市販の口腔咽喉薬に含まれる成分のヨウ素,ポビドンヨード,セチルピリジニウム塩化物水和物,アズレンスルホン酸ナトリウム及びエタノールについて,3種のインフルエンザウイルスに対する不活化効果と,細胞毒性試験により安全性を評価した。また,これら成分を含む市販の口腔咽喉薬について,咽頭から感染するウイルス(インフルエンザ,コロナ,RS,アデノ,ライノウイルス)に対する不活化効果と,細胞毒性を評価した。成分の評価では,ヨウ素はポビドンヨードと比較し,低濃度でウイルス不活化効果が認められた一方,細胞毒性が確認された。市販の口腔咽喉薬の評価では,ヨウ素を含むものは幅広いウイルスに対して不活化効果が認められ,細胞毒性は成分の評価と比較して低減され非刺激物であった。

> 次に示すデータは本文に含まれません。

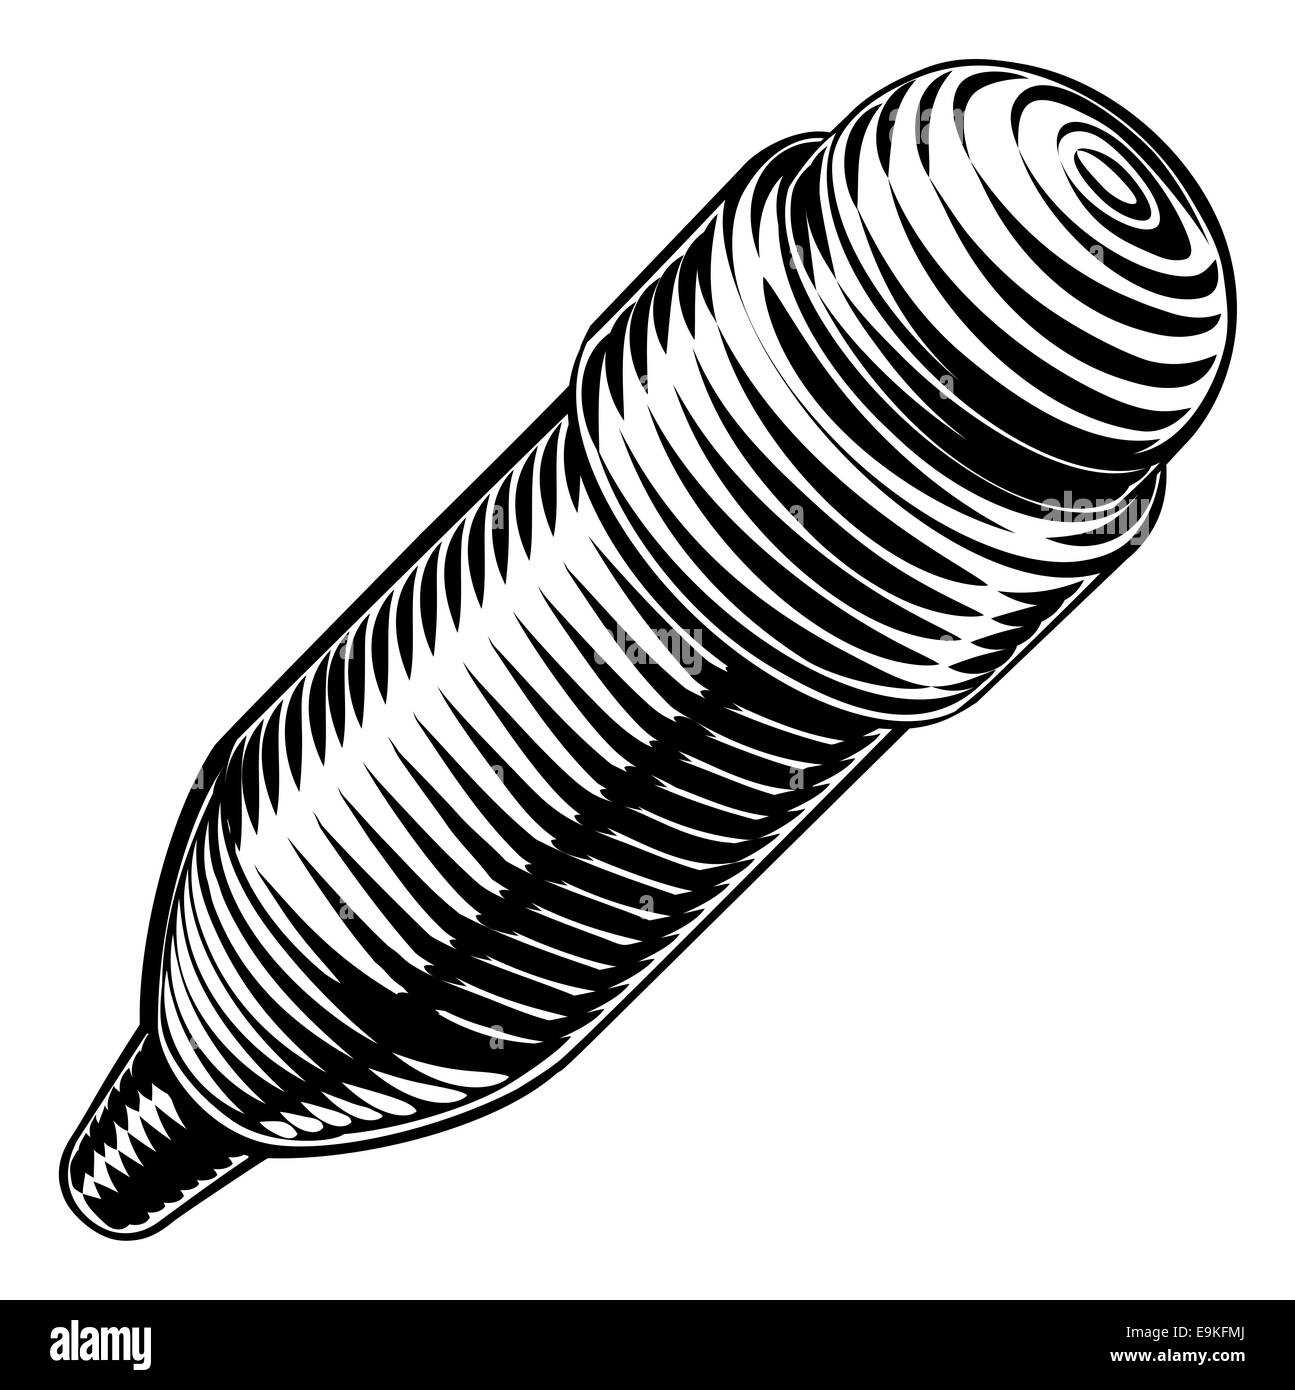 A an original illustration of a vintage woodcut style pencil icon Stock Photo
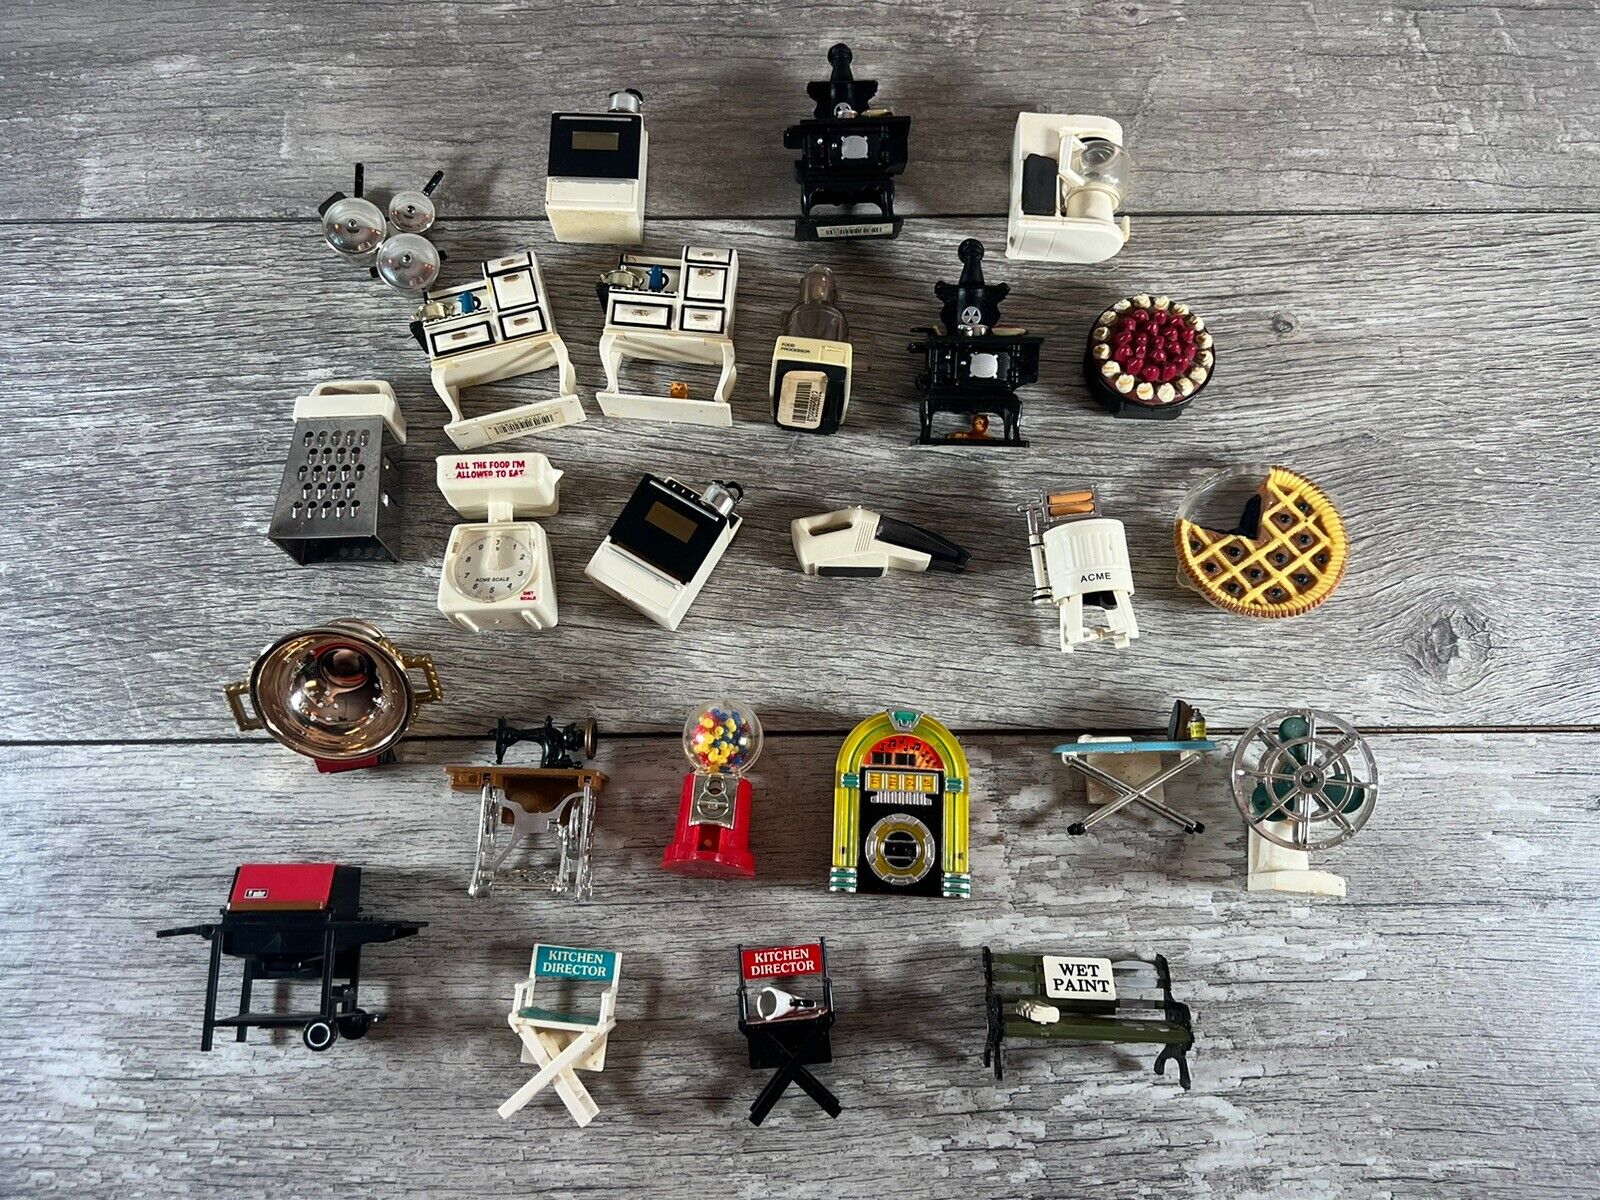 Lot Of 25 Vintage Acme Refrigerator Magnets  Miniature Kitchen Home Mixed Genre

これらの結果から,ヨウ素を含む市販の口腔咽喉薬は,有効性と安全性に優れ,ウイルス性感染症に特に有用であることが示唆された。

Key words:
Oropharyngeal medicine(口腔咽喉薬)/Iodine(ヨウ素)/Virus inactivation(ウイルス不活化)/Cytotoxicity(細胞毒性).